Настя вышла с ведром во двор и наткнулась на Петьку.
– Ты чего здесь ошиваешься, Полинку высматриваешь?
– А если тебя?
– С чего бы это? Не наигрался с тёткой что ли?
– А кто тебя тёткой сделал?
– Тоже мне делальщик! На другой день за тебя доделывали, до сих пор вся в синяках. А ведь я тебя хотела, паршивца, а ты меня на Польку променял, а её на водку. Ну да что об этом теперь... – сдерживая обиду в голосе произнесла Настя, выплёскивая грязную воду из ведра на землю. – Вот подживут метины и к мужикам в барак пойду, для меня теперь их ласка будет не лишней, а тебя я видеть не хочу, сопливого обормота.

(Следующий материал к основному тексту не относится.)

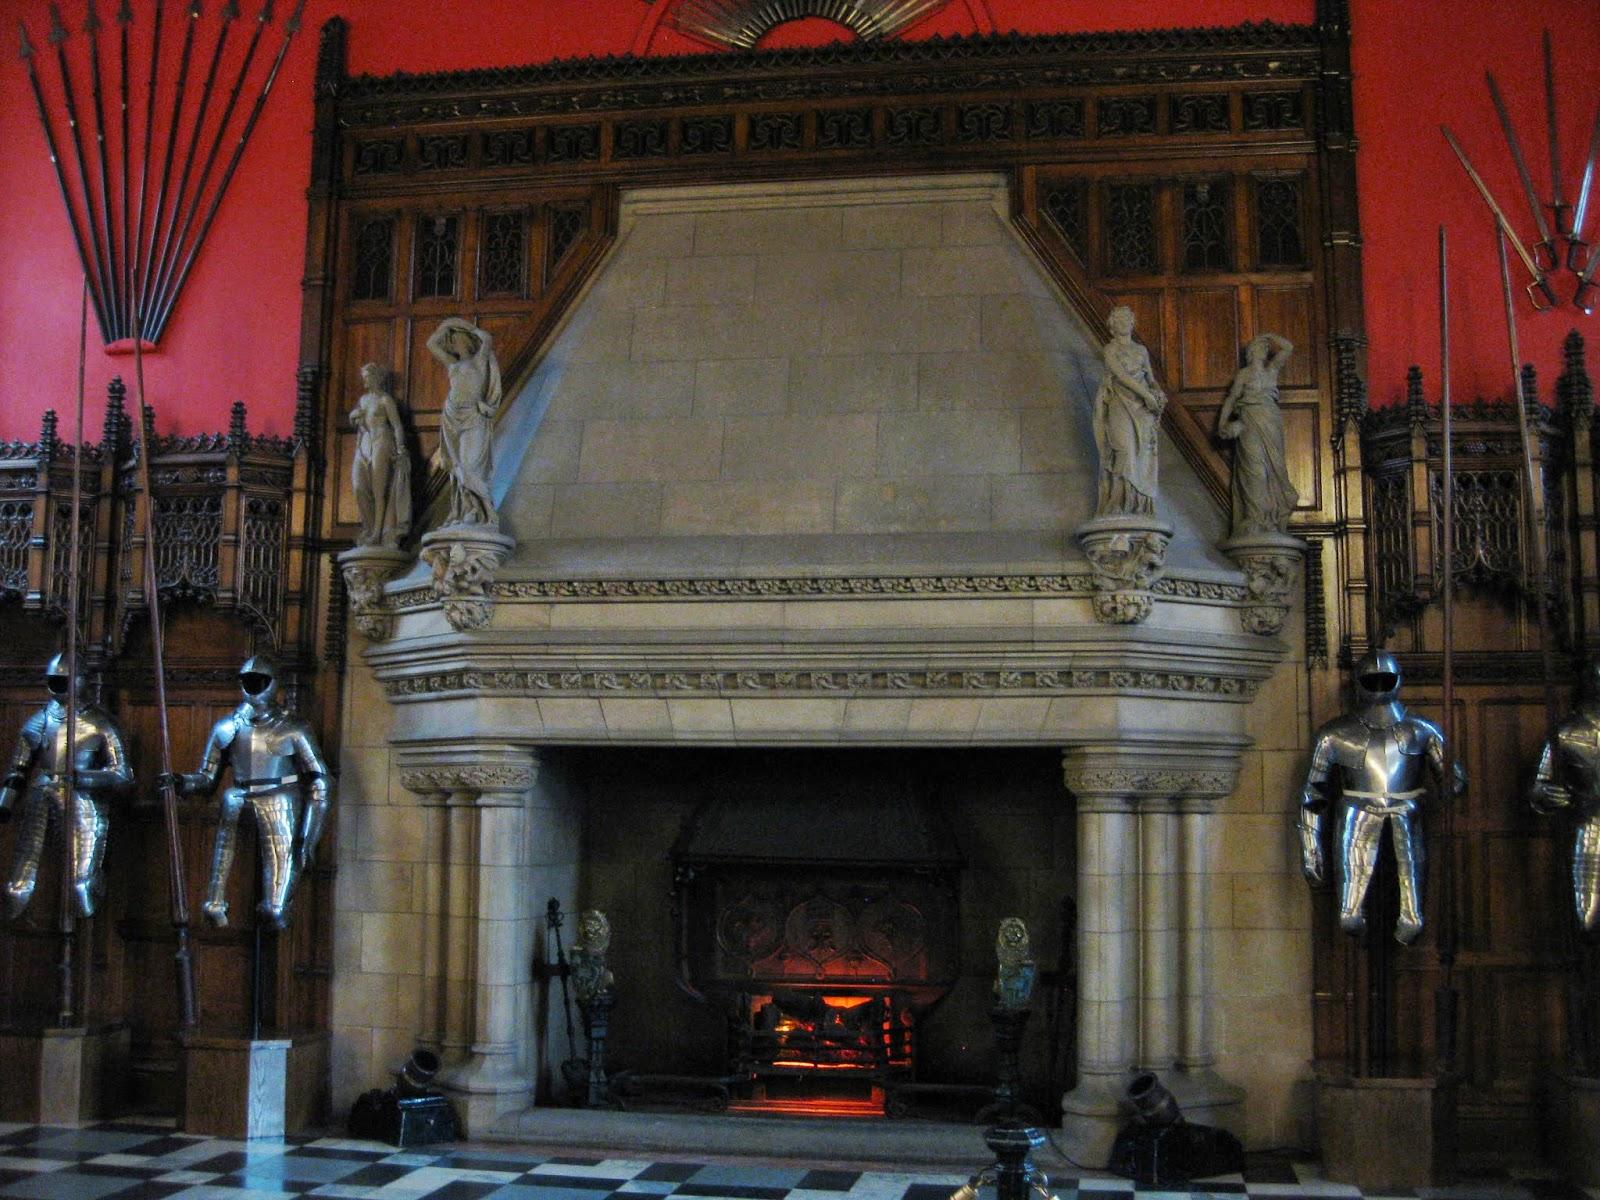 jen u0026 angel in europe edinburgh day 2 edinburgh castle

– Была бы моей, дал бы я тебе по красивой заднице, – зло пригрозил незадачливый любовник.
– Обойдёшься, губошлёп! – мстительно заверила Настя и хлопнув дверью скрылась в кухне.
– Нет, ну вот как это!?... – воскликнул Петька, при этом с досадой пнул валявшееся под ногой помойное ведро, – сегодня же будешь под сопливым обормотом свои оргазмы считать! – и сунув руки в карманы, направился к вахтовке.
Пелагея Кузьминична, взглянув на вбежавшую в кухню Настю, подошла к девушке и повернув её к себе строго спросила:
– Чего вся огнём горишь, обидел кто? Петька, что ли, стервец эдакий?
– Угрожает, гавнюк малолетний! Сперва поигрался, потом к другой... ненавижу себя!
– Потому и винишь себя, что втюрилась в парня, дурёха! Ну это поправимо, – поправив лямку бюстгальтера под халатом, задумчиво изрекла заведующая, – вечерком загляни к нам, обсудим кое что...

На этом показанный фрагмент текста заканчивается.